(DATA SECTION Opens)
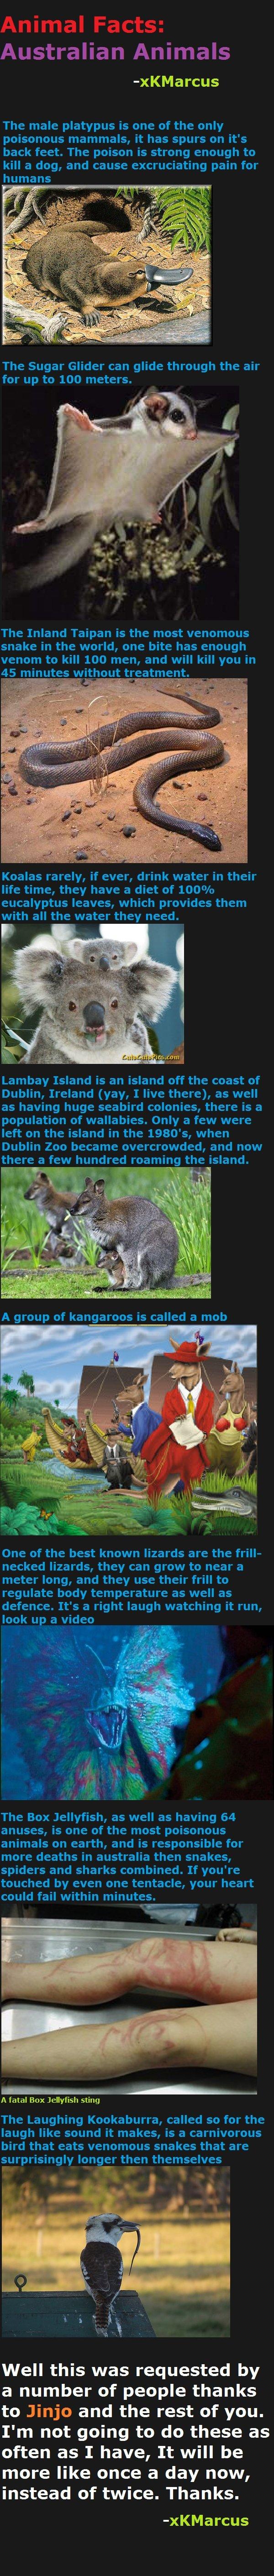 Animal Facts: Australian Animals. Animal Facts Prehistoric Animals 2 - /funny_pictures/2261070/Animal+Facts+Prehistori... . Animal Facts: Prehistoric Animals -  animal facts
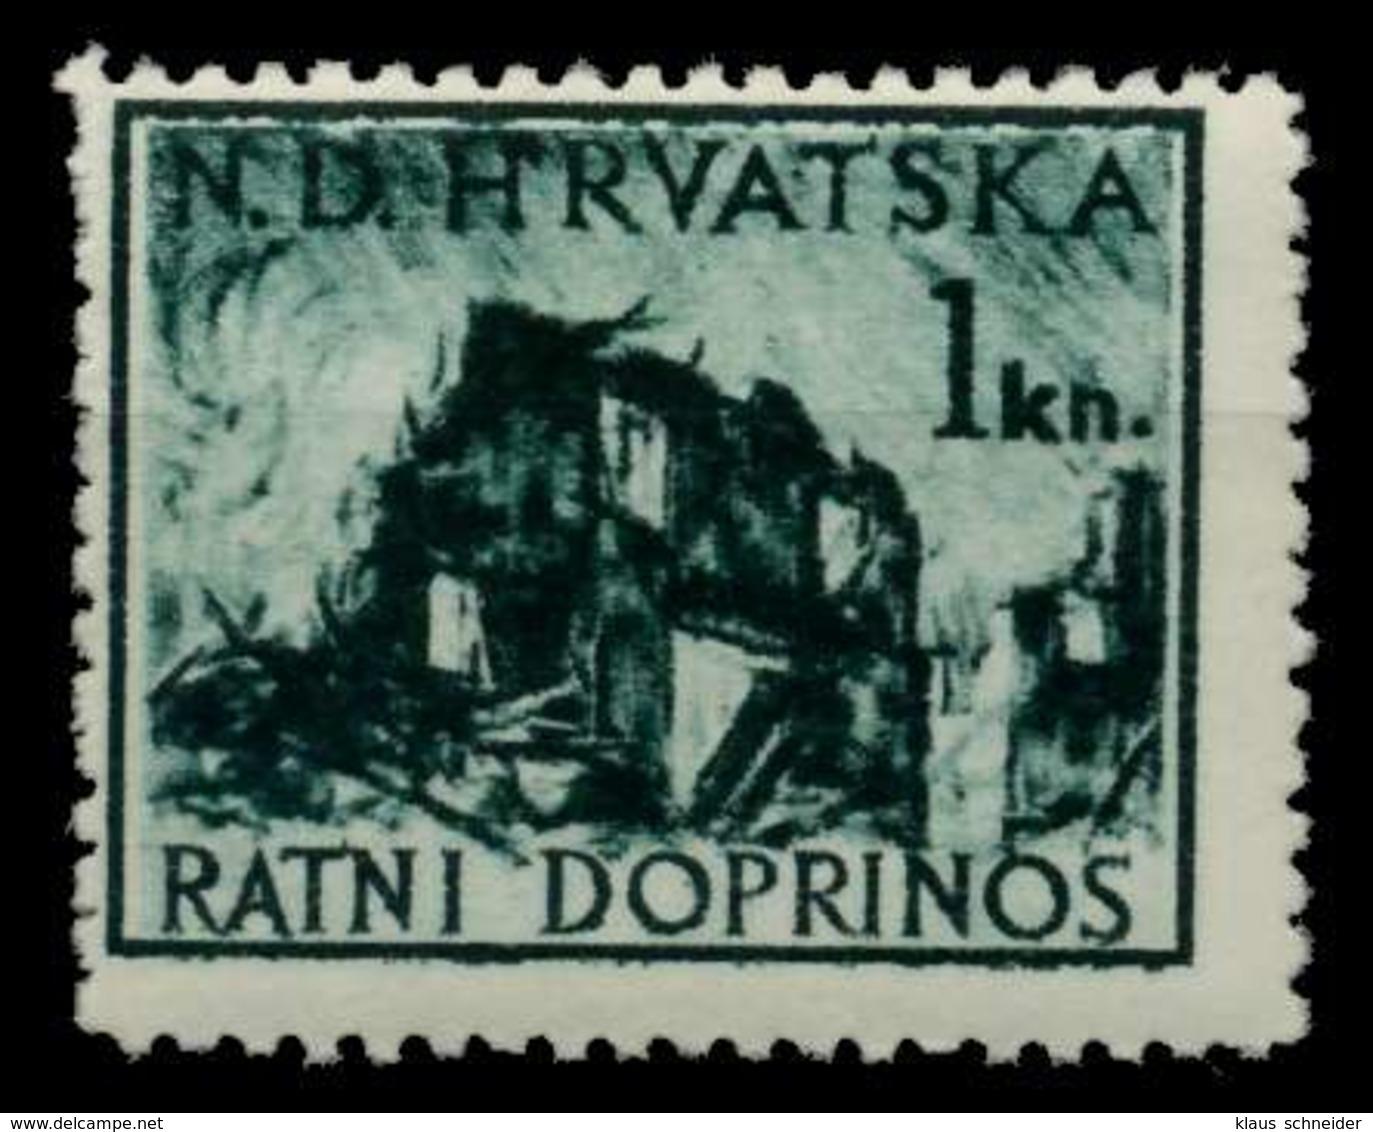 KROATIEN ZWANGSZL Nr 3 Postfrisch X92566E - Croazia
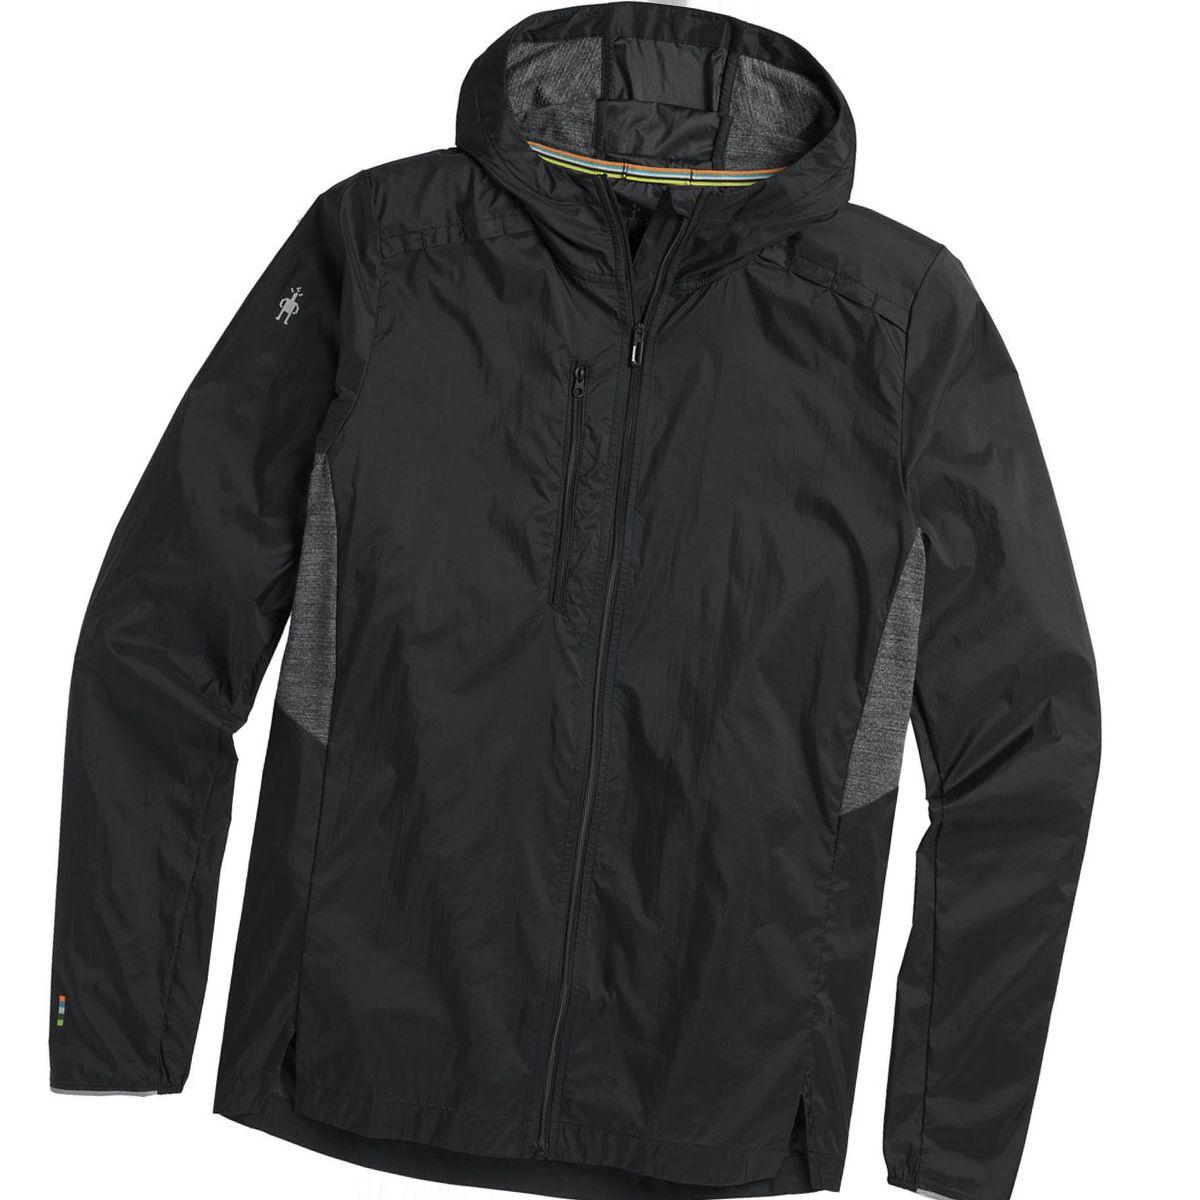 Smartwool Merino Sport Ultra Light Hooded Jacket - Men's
(DATA SECTION Closes)
◆ EXERCISE DIRECTIONS
Word for word, quote the full listing, omitting every picture.

◆ EXERCISE SOLUTION
 Animal Facts: Australian Animals. Animal Facts Prehistoric Animals 2 - /funny_pictures/2261070/Animal+Facts+Prehistori... . Animal Facts: Prehistoric Animals -  animal facts
 KROATIEN ZWANGSZL Nr 3 Postfrisch X92566E - Croazia
 Smartwool Merino Sport Ultra Light Hooded Jacket - Men's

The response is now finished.